▶ **TASK INSTRUCTIONS**
Look in the material below for the line with "Mercer+Mettle MM3020 Mens" and the line with "Herzinger & Co.", then set down exactly those two lines and all lines between, nothing more.

▶ **MATERIAL PROVIDED**

========

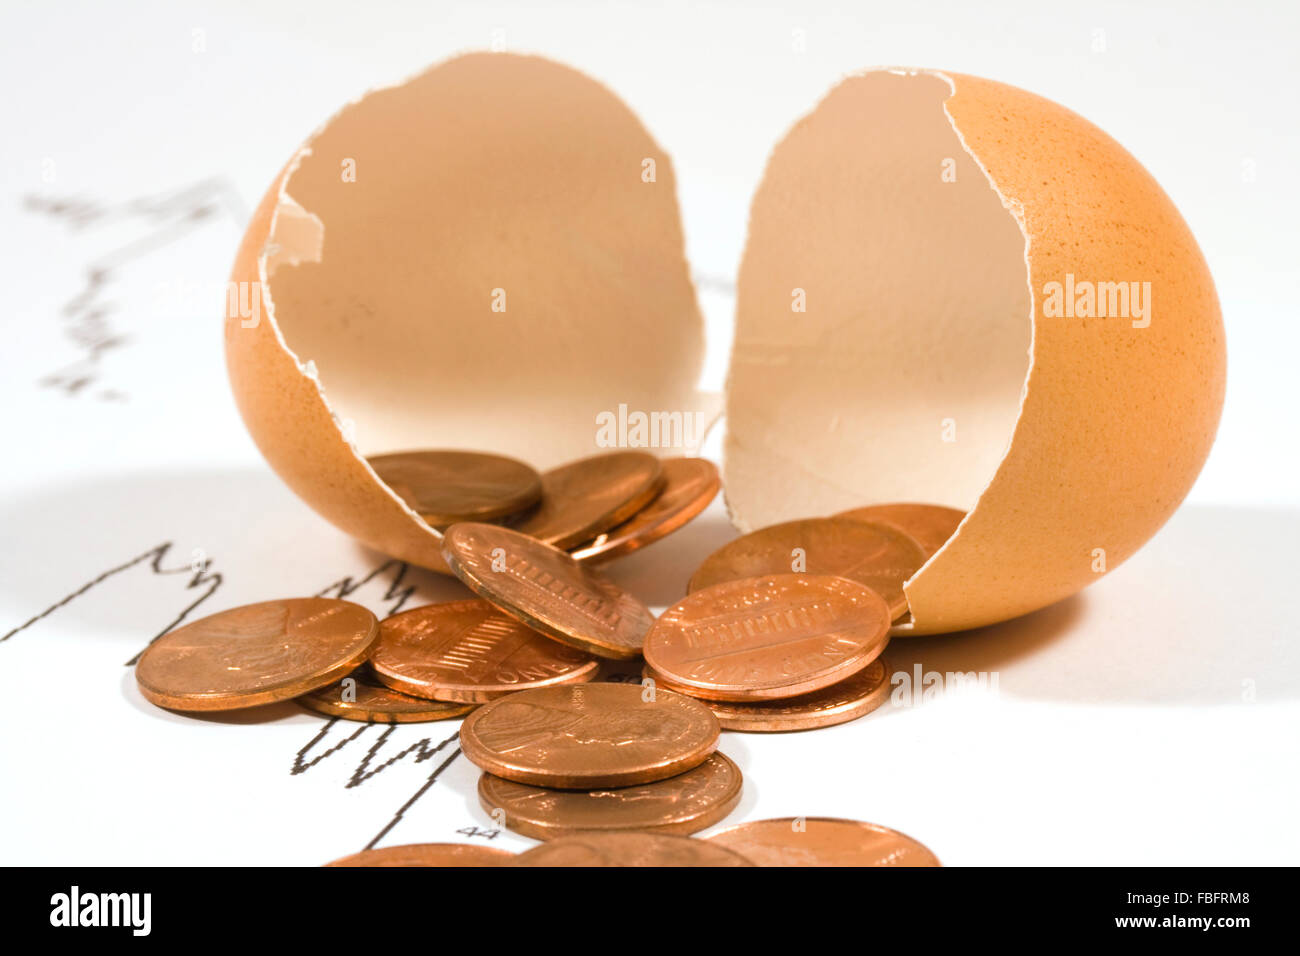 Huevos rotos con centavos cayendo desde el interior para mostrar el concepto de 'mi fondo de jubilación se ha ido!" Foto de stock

========

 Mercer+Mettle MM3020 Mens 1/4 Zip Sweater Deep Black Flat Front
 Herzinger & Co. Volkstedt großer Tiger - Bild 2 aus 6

========

▶ **SOLVED PROBLEM**
 Mercer+Mettle MM3020 Mens 1/4 Zip Sweater Deep Black Flat Front
 Herzinger & Co. Volkstedt großer Tiger - Bild 2 aus 6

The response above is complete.